“The Unraveling of Reverend G” is not the first book I have published. Back in 1993, my first book came out in print: “The Plain Path,” my adventures as a missionary in Honduras. Throughout the next several years, I published three curricula for teaching English to international students. Then my work appeared in eleven anthologies including five Chicken Soup books and the best-selling Cup of Comfort books. It was an honor to be included with other writers I admired.
My dream shelf, which I started in 1983, is now filled with books I wrote and also books I edited for other writers. Sometimes I sit in my office and thank God that the words which spew out of me have found a venue in print.
But when I picked up my box of Reverend G books from UPS, something triggered a memory. I wanted to stop a moment, to savor the smell of cardboard and fresh ink. I longed to wrap the UPS man in a hug and ask him, “Do you have any idea what you just plopped into my car’s trunk?” But I did not bother him with my history. He hurried back inside the building, his dark brown shirt a depository for the Kansas heat.

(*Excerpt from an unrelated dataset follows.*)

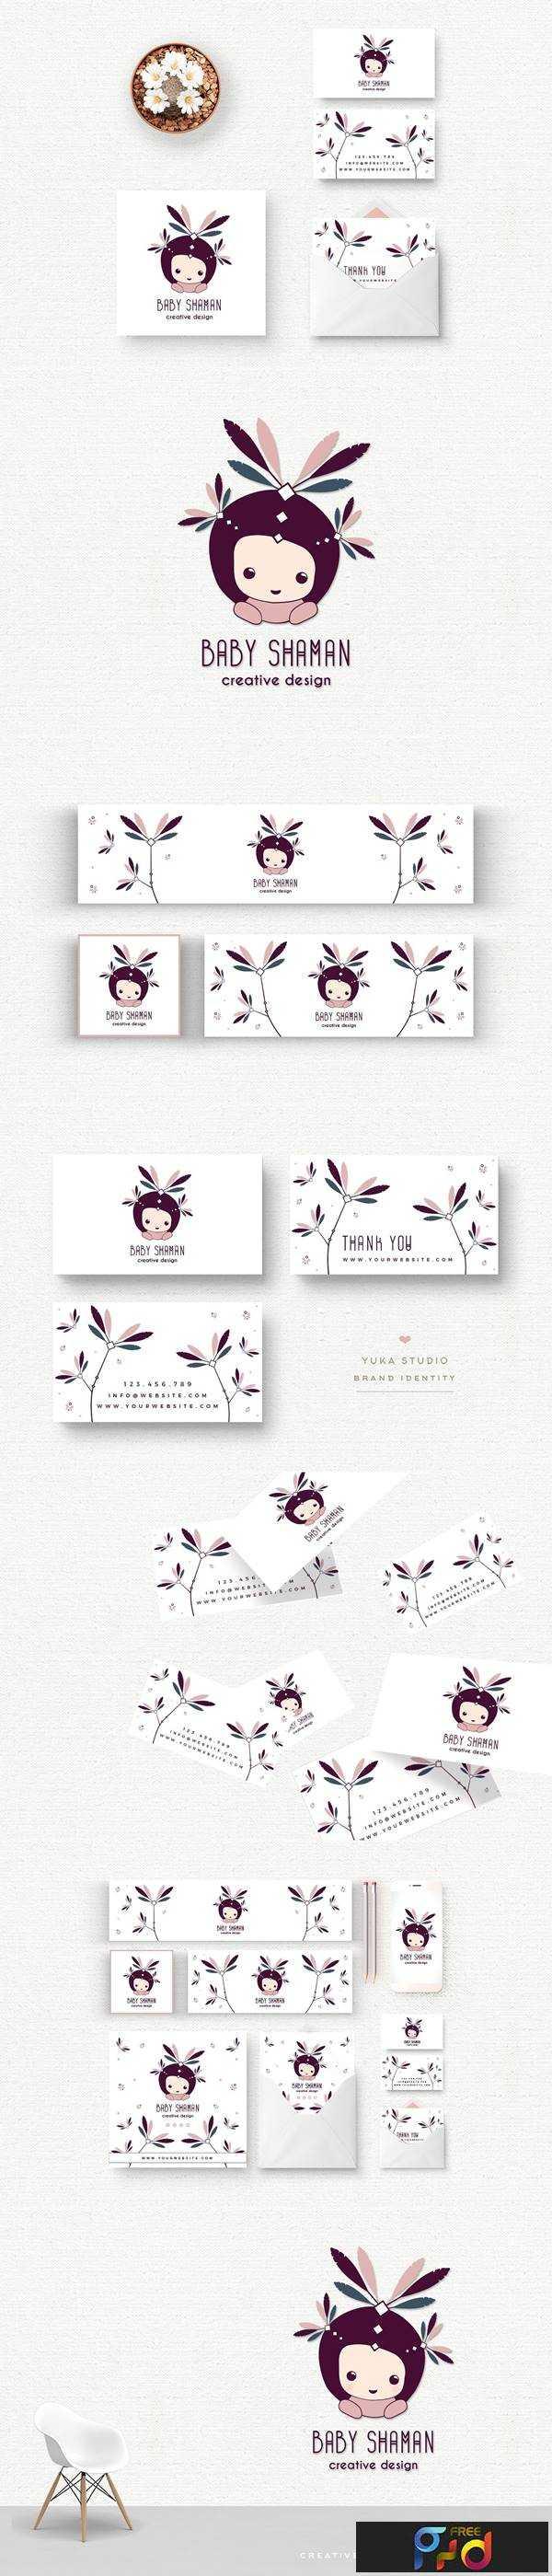 1806170 Artistic Brand Design 2578324 1

From the age of eight, when we moved to the farm, I nested in the top branches of my favorite elm. The Oklahoma sunset spread out to the west in a mixture of salmon and turquoise as I dreamed about becoming a writer. Louisa Mae Alcott and Laura Ingalls Wilder were two of my heroines; their words about family and love nestled deep within my soul.
I practiced in that treetop – licked the end of my pencil and scribbled in my Red Chief tablet, knowing that someday – somehow I would follow in their steps. I would write something important that included family, love and God.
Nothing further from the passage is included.